**Exercise data**.
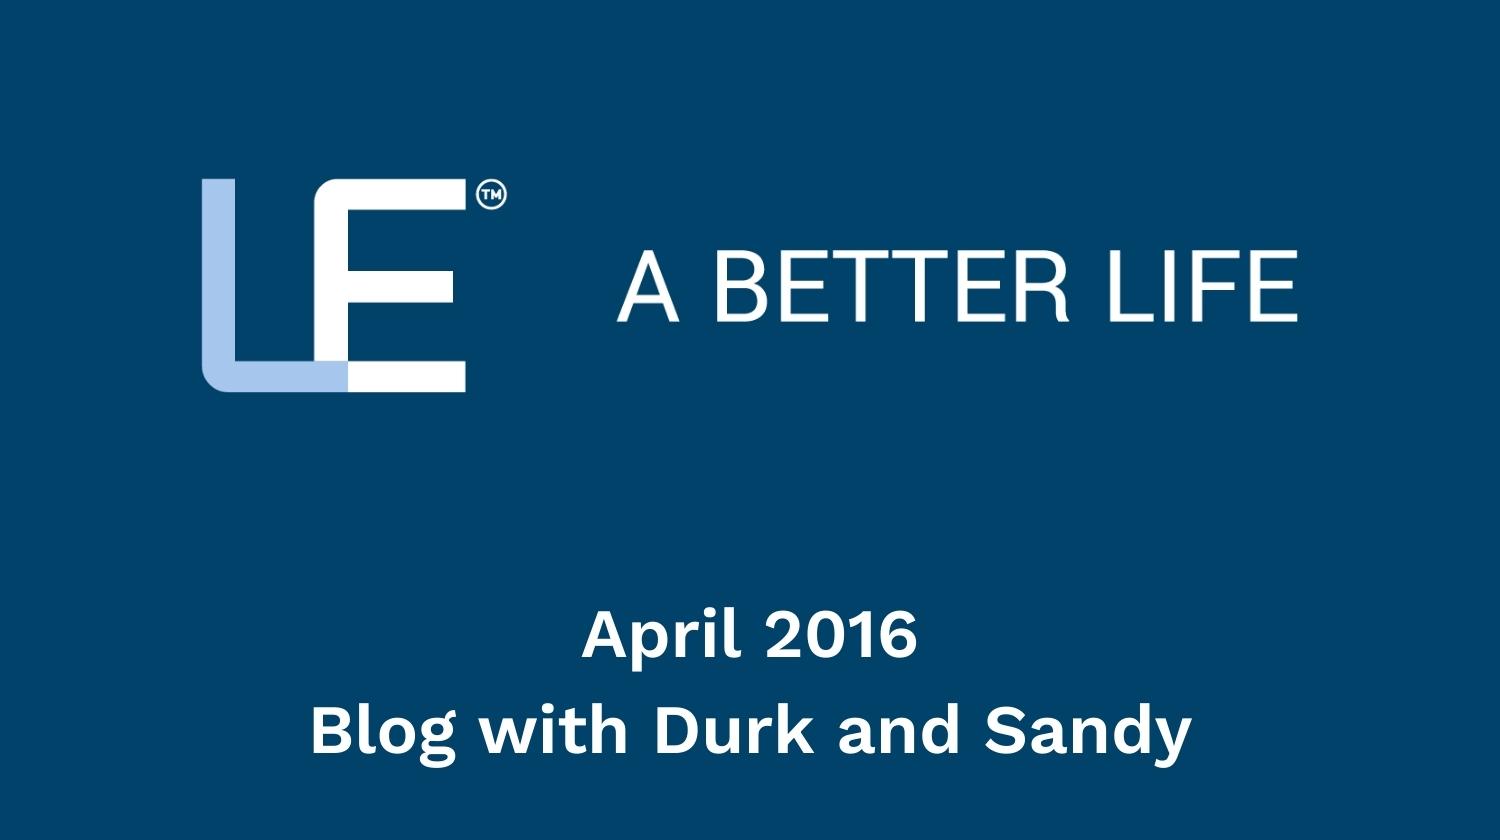 April 2016 Blog with Durk and Sandy
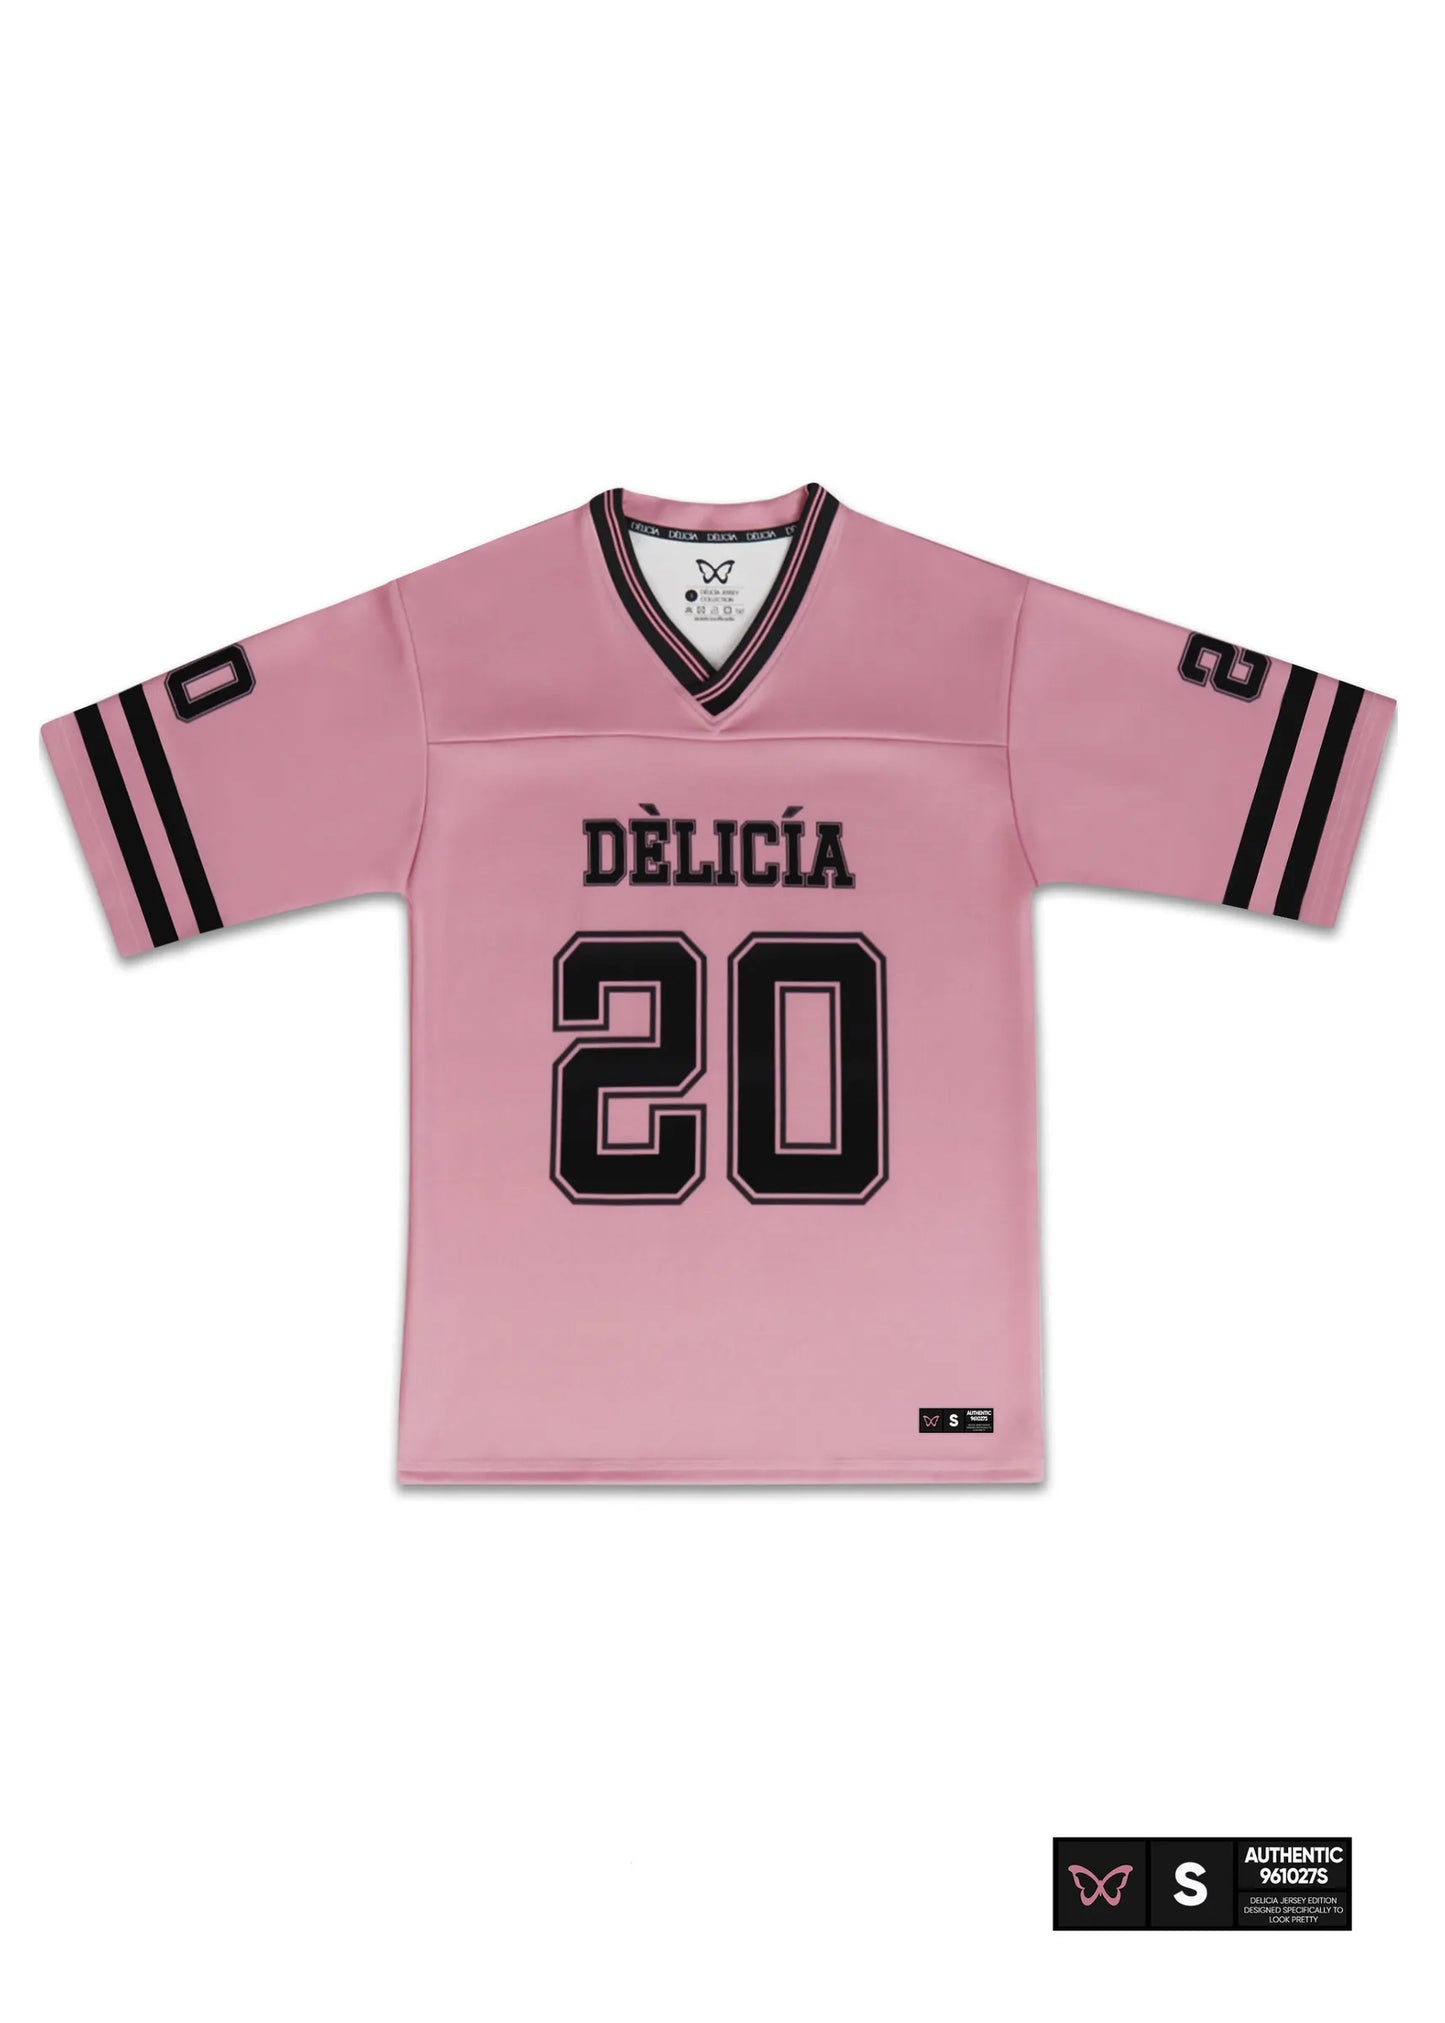 Jersey "20" Edition in Rosewood Pink
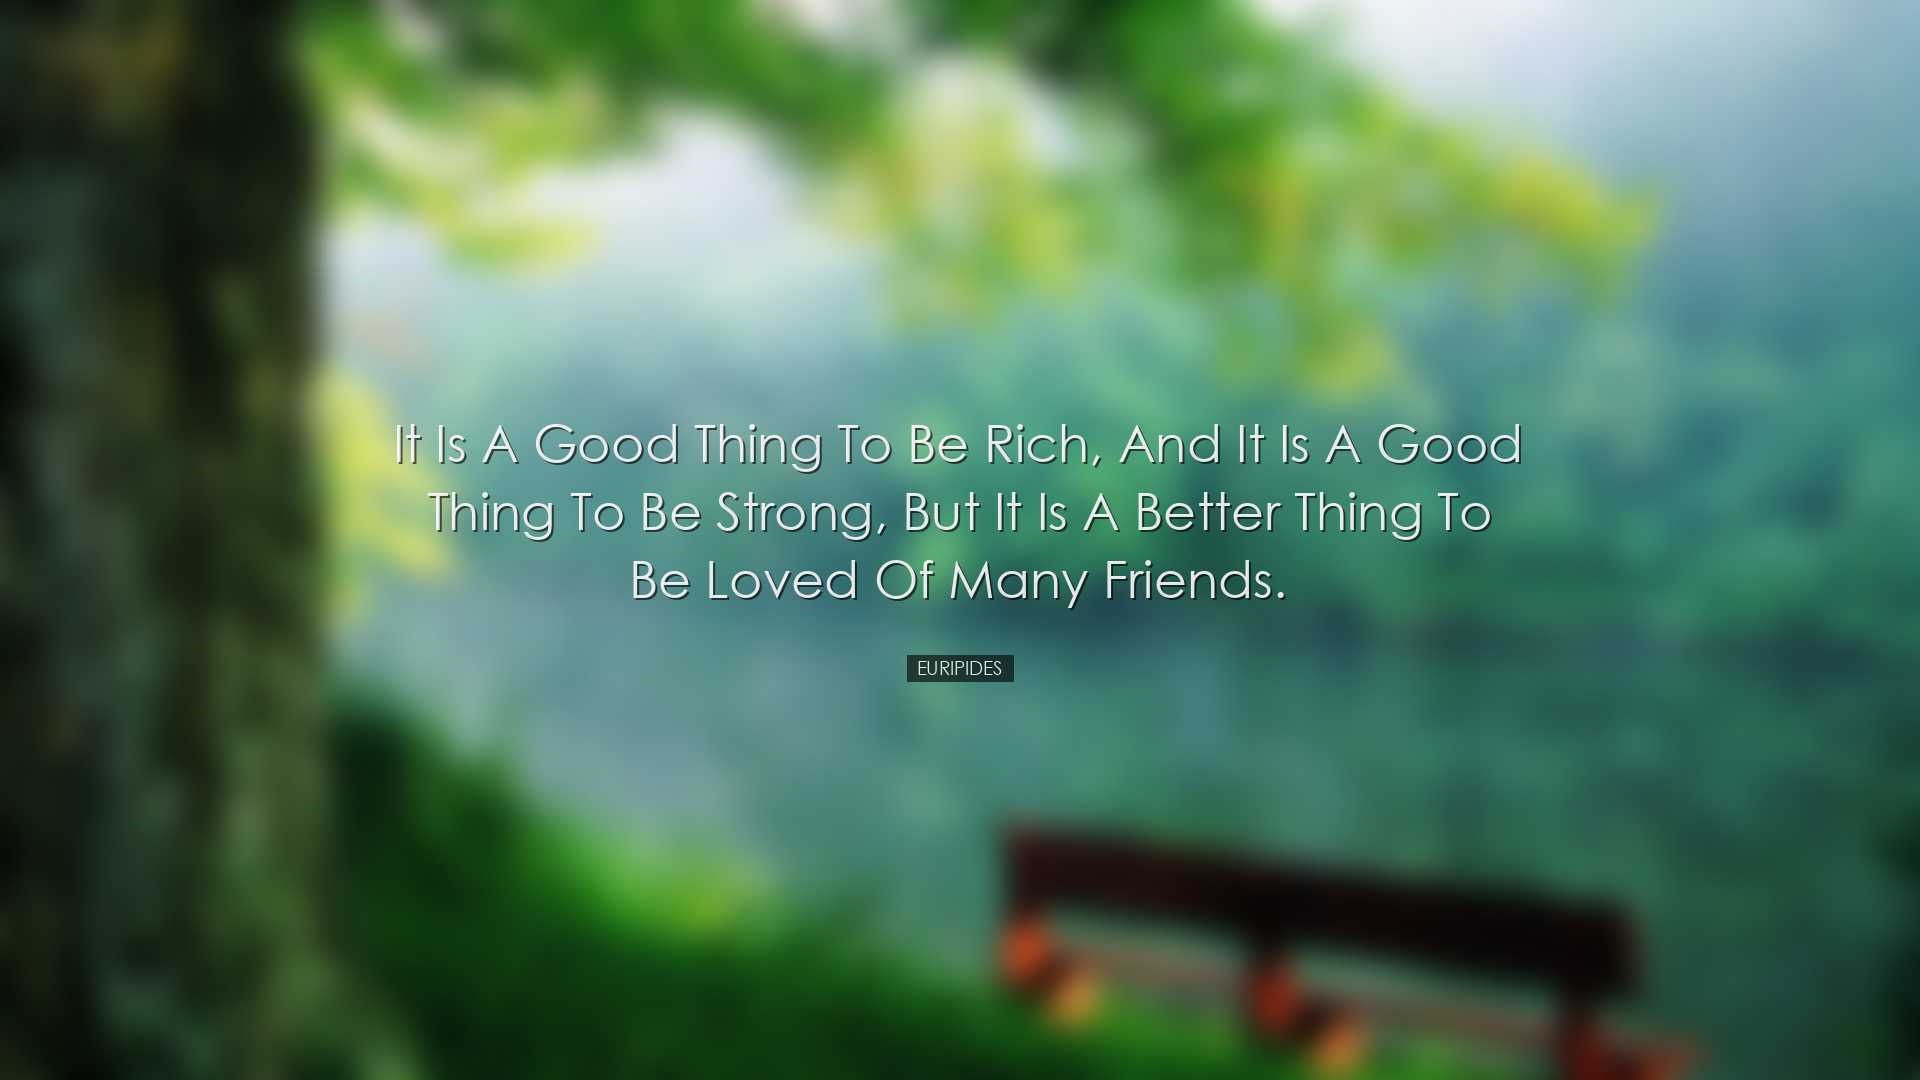 It is a good thing to be rich, and it is a good thing to be strong

**What to produce**. Reproduce the final stretch of lines exactly: the line containing "in Rosewood Pink" through the last line of the data, both included. Pictures do not belong in the copy.

**Your solution**.
 Jersey "20" Edition in Rosewood Pink
 It is a good thing to be rich, and it is a good thing to be strong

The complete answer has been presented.